Перейти на страницу:

Воздуха много, горы расступились, солнце сияет в голубом воздухе, Фудзи растаяла, в небе висит лишь одна ее шляпа.

В шлюпке Путятин встал от удивления. В ущелье Быка площадь застроена, по ущелью сделана лесотаска со спуском бревен на веревках, край которых намотан на блоки внизу, и вверху, на горе, что-то вроде подъемного шкафа на американском пароходе, но без паровой силы. Стоит стук, грохот, звенят молоты, свистят пилы.

Лесовский болел, Колокольцов долго был в отлучке, а дело тут, как видно, ни на час не останавливалось.

Не разрешив офицерам разойтись по квартирам, Путятин приказал немедленно собраться всем в храме Хосенди.

Капитан Лесовский сидел за столом в старом, выцветшем сюртуке. Он похудел и был бледен; надо ожидать, что стал еще злее.

– Ежедневно после молитвы и завтрака приказываю назначать строевые ученья, – заговорил адмирал. Он говорил о том, что людей надо воодушевить... пересмотреть оружье, обувь, одежду... инструменты... Парусные ученья, занятия, молитвы...

Про постройку пока не говорили, надо сначала все посмотреть.

«А вот вы говорили, что у Сайлеса и Джексона рожи как у обезьян. А мы сами? Вот все офицеры в сборе.
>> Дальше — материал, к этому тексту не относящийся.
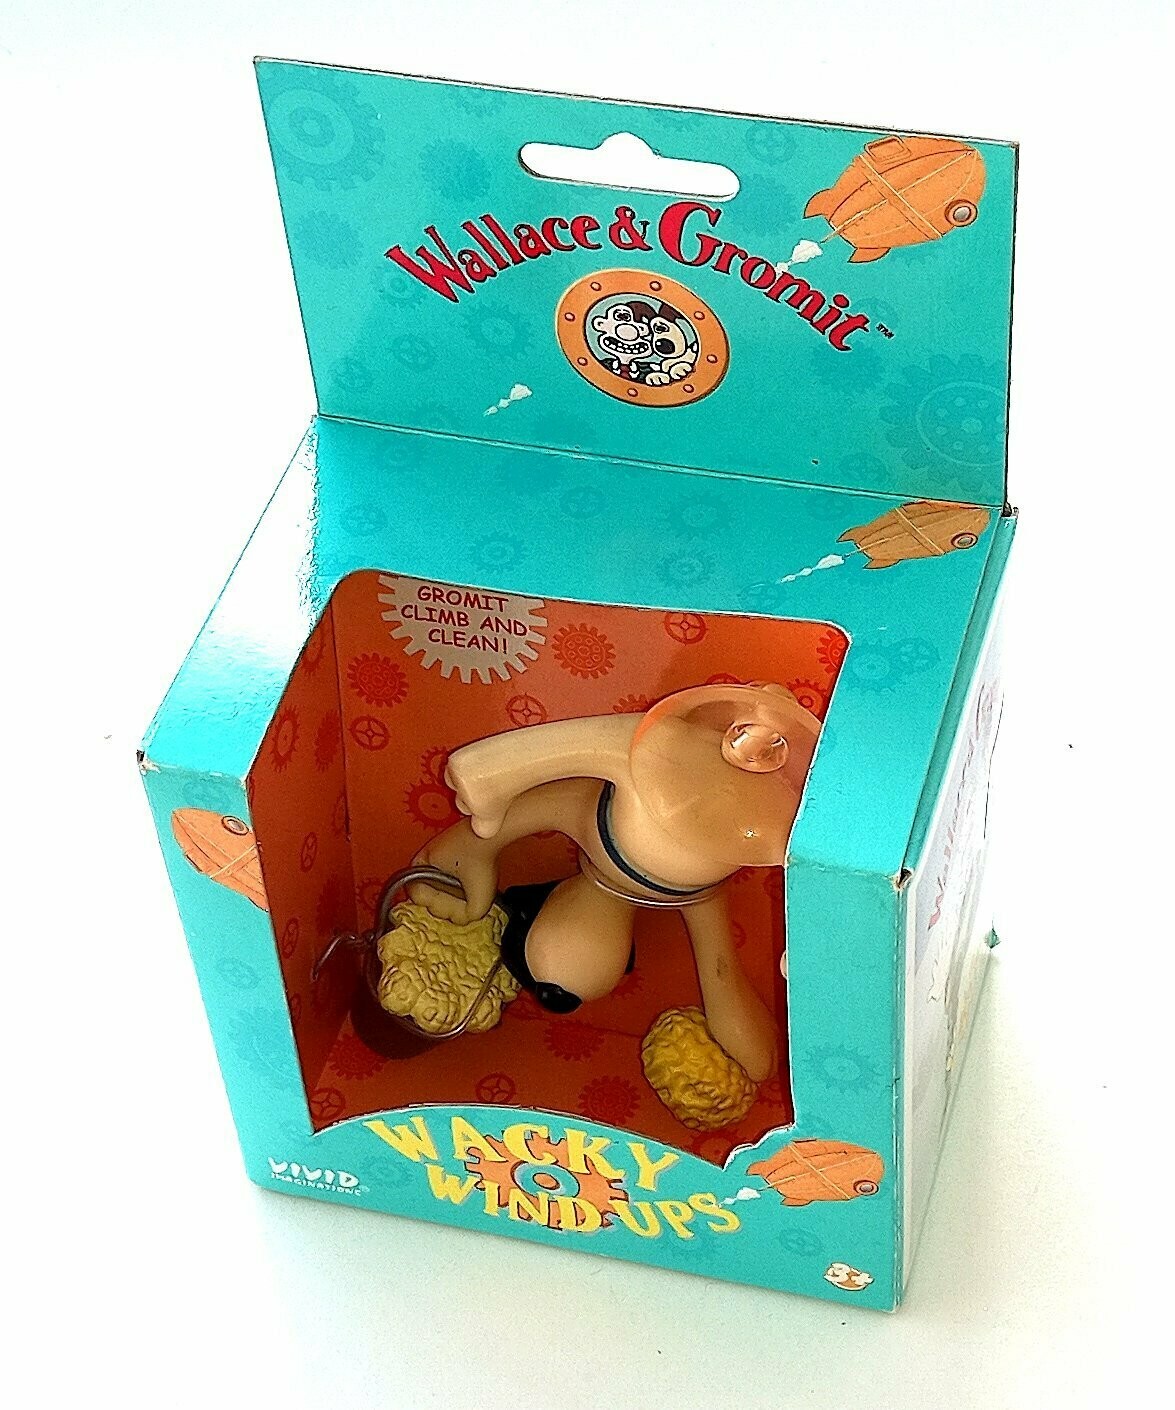 1989 Vivid ~ Wallace & Gromit Ltd ~ Wacky Wind-ups ~ GROMIT WINDOW CLEANER

Что за рожи! У Пушкина так лицо сморщилось, что торчит лишь нос картофелиной и усы. У второго штурмана и у артиллериста появились бороды. Еще один, – Путятин на миг позабыл фамилию этого офицера, – щупл, мал, а каким козырем держится! Лыс, а виски фабрит, усы как у таракана, у другого – моржовые. Еще видна лысеющая голова, как из седых гвоздей, – стрижка «ежом». А каковы физиономии, таковы и интересы: сплетни, обиды грошовые, размышления о наградах и выгодах. Барон Шиллинг блондин, белый совершенно, поминутно меняется выражение узкого лица, все время выражает оттенки важности, собственного превосходства. У этого усы нежно выхолены. А вот Зеленой – как пивная бочка!»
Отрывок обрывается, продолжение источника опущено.